EXERCISE MATERIALS:
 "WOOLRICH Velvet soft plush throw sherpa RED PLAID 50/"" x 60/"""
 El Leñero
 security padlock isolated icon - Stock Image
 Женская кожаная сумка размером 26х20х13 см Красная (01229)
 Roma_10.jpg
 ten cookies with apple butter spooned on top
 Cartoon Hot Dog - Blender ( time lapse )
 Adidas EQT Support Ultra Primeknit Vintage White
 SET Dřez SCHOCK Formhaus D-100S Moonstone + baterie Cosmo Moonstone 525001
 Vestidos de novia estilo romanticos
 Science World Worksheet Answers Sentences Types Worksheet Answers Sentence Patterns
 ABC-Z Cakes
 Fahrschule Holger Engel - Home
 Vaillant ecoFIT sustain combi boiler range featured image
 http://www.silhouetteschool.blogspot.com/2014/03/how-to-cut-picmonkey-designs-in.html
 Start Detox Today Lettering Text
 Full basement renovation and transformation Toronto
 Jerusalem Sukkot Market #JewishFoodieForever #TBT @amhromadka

WHAT YOU NEED TO DO: Write out every entry again exactly, please, with nothing missing.

ANSWER TO THE EXERCISE:
 "WOOLRICH Velvet soft plush throw sherpa RED PLAID 50/"" x 60/"""
 El Leñero
 security padlock isolated icon - Stock Image
 Женская кожаная сумка размером 26х20х13 см Красная (01229)
 Roma_10.jpg
 ten cookies with apple butter spooned on top
 Cartoon Hot Dog - Blender ( time lapse )
 Adidas EQT Support Ultra Primeknit Vintage White
 SET Dřez SCHOCK Formhaus D-100S Moonstone + baterie Cosmo Moonstone 525001
 Vestidos de novia estilo romanticos
 Science World Worksheet Answers Sentences Types Worksheet Answers Sentence Patterns
 ABC-Z Cakes
 Fahrschule Holger Engel - Home
 Vaillant ecoFIT sustain combi boiler range featured image
 http://www.silhouetteschool.blogspot.com/2014/03/how-to-cut-picmonkey-designs-in.html
 Start Detox Today Lettering Text
 Full basement renovation and transformation Toronto
 Jerusalem Sukkot Market #JewishFoodieForever #TBT @amhromadka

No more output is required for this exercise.